▶ [Stored data]:
───
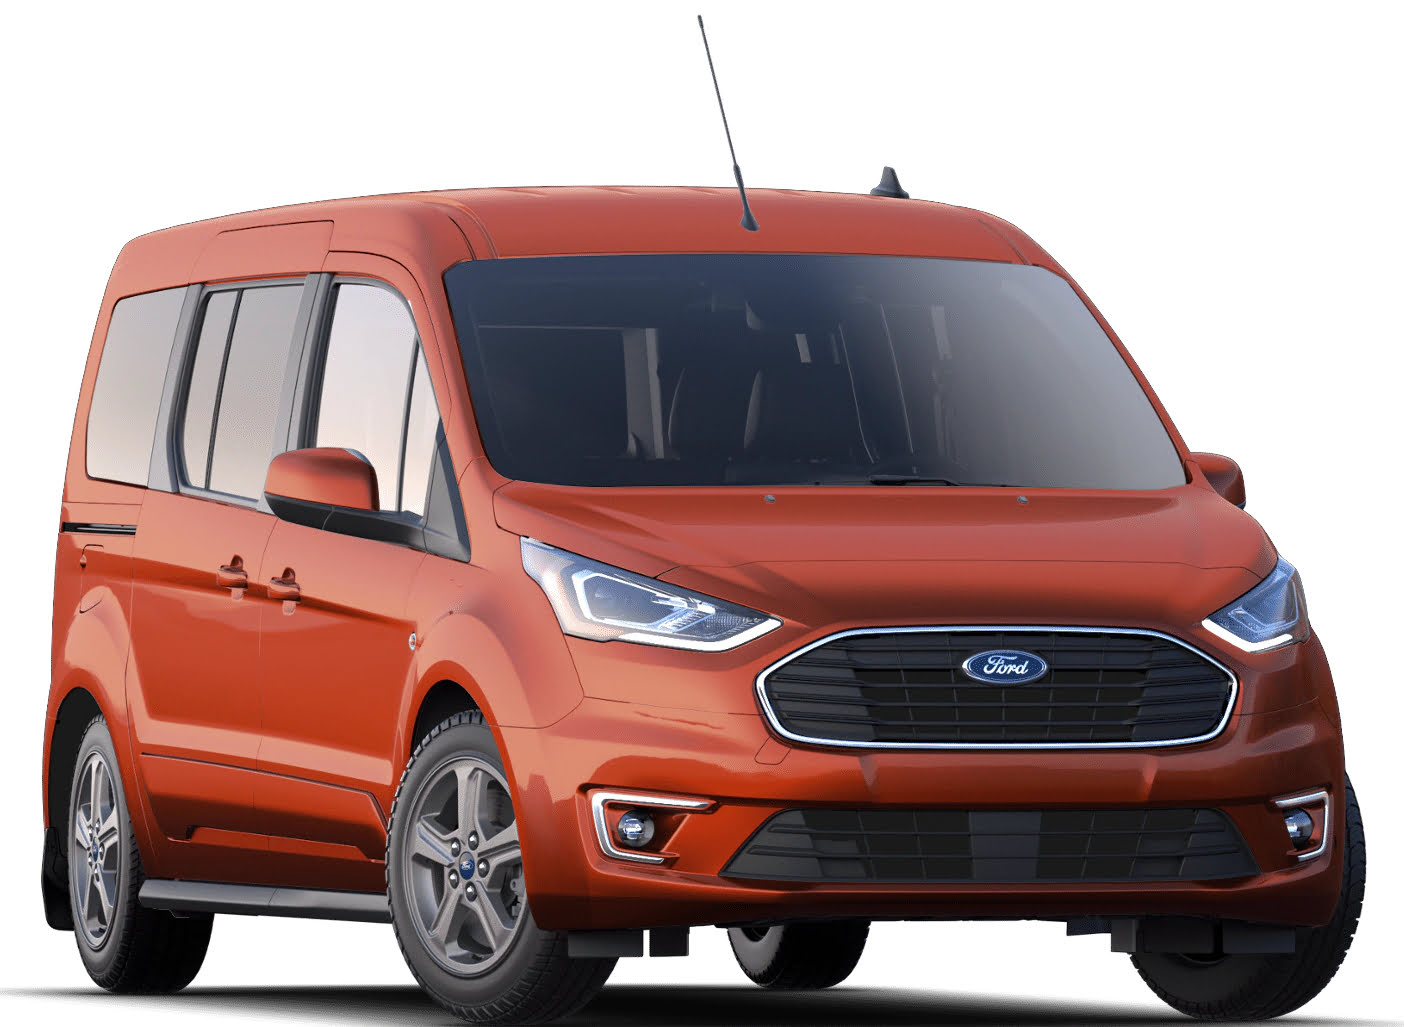 2021 Ford Transit Connect Gains New Sedona Orange Color: First Look
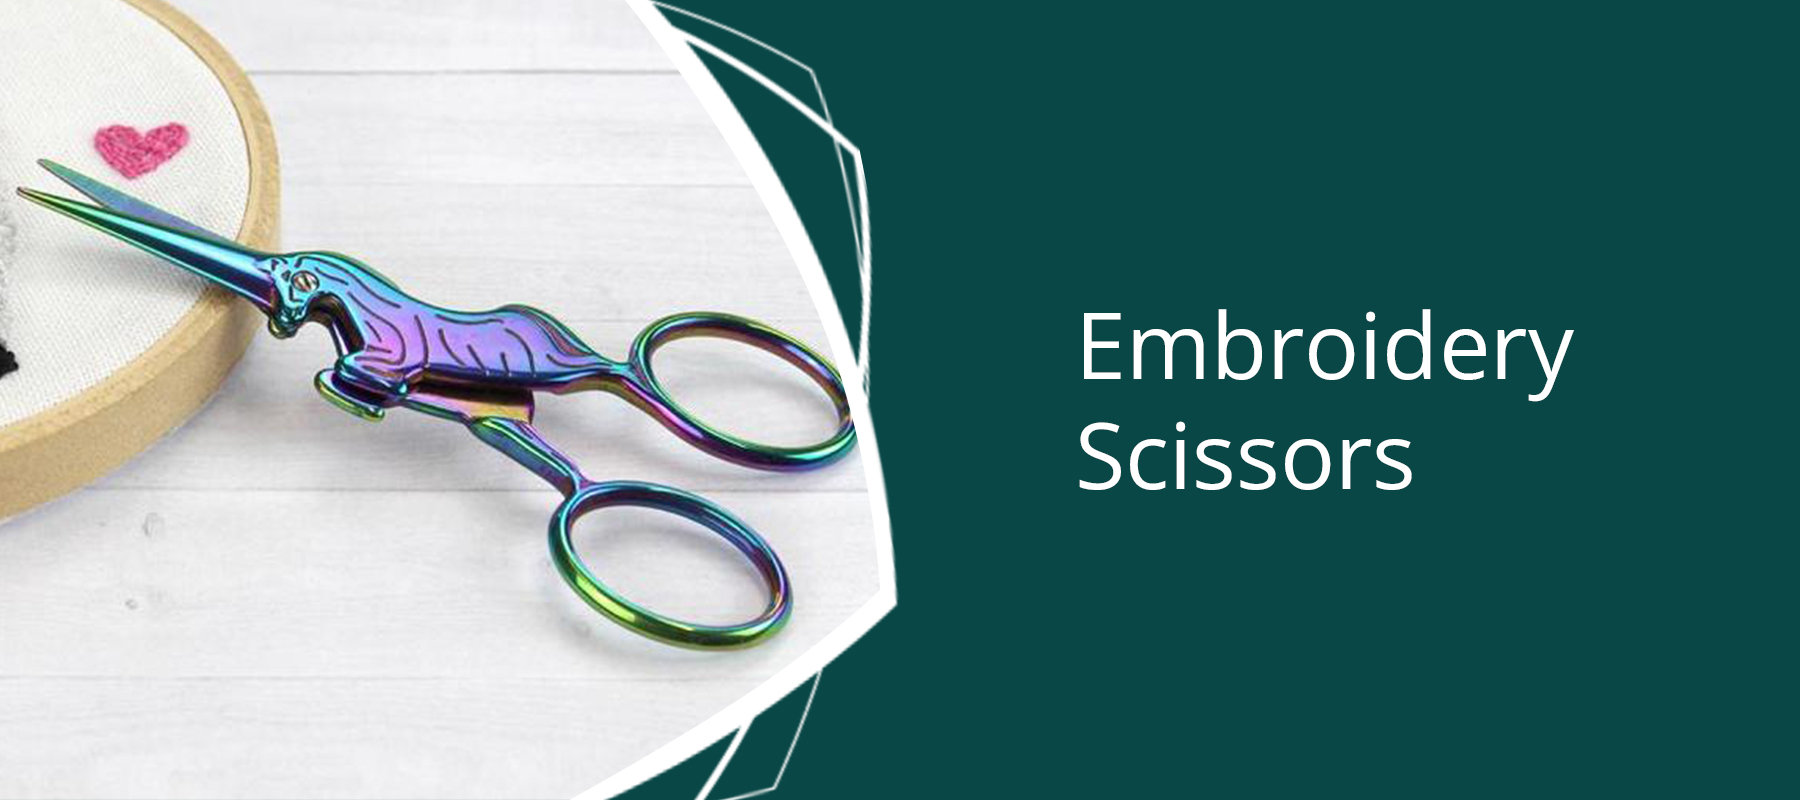 Embroidery Scissors: Quality Tools for Your Needlework
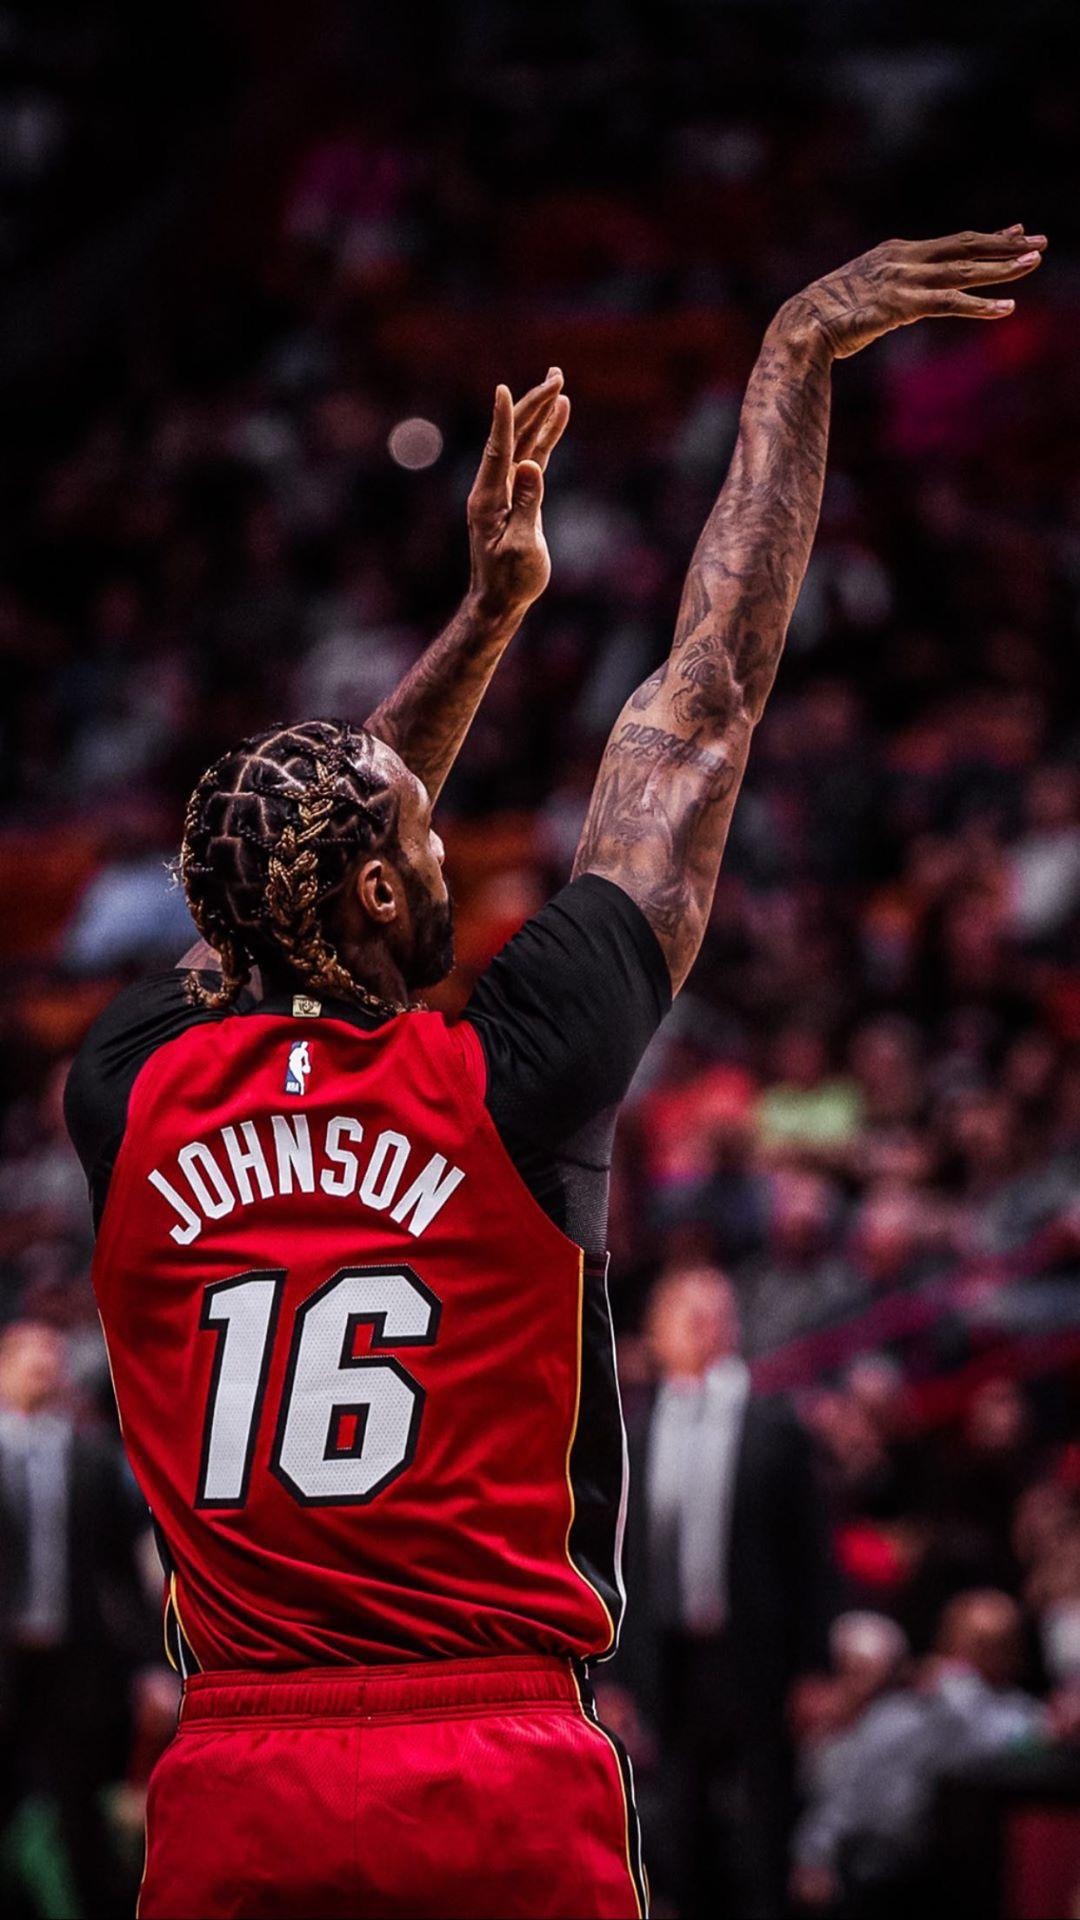 Miami Heat: James Johnson, The team made its first NBA Finals appearance in 2006. 1080x1920 Full HD Wallpaper.
───
▶ [Directions for this task]: Return each line of the data, keeping its wording exact and omitting pictures.

▶ [Answer]:
 2021 Ford Transit Connect Gains New Sedona Orange Color: First Look
 Embroidery Scissors: Quality Tools for Your Needlework
 Miami Heat: James Johnson, The team made its first NBA Finals appearance in 2006. 1080x1920 Full HD Wallpaper.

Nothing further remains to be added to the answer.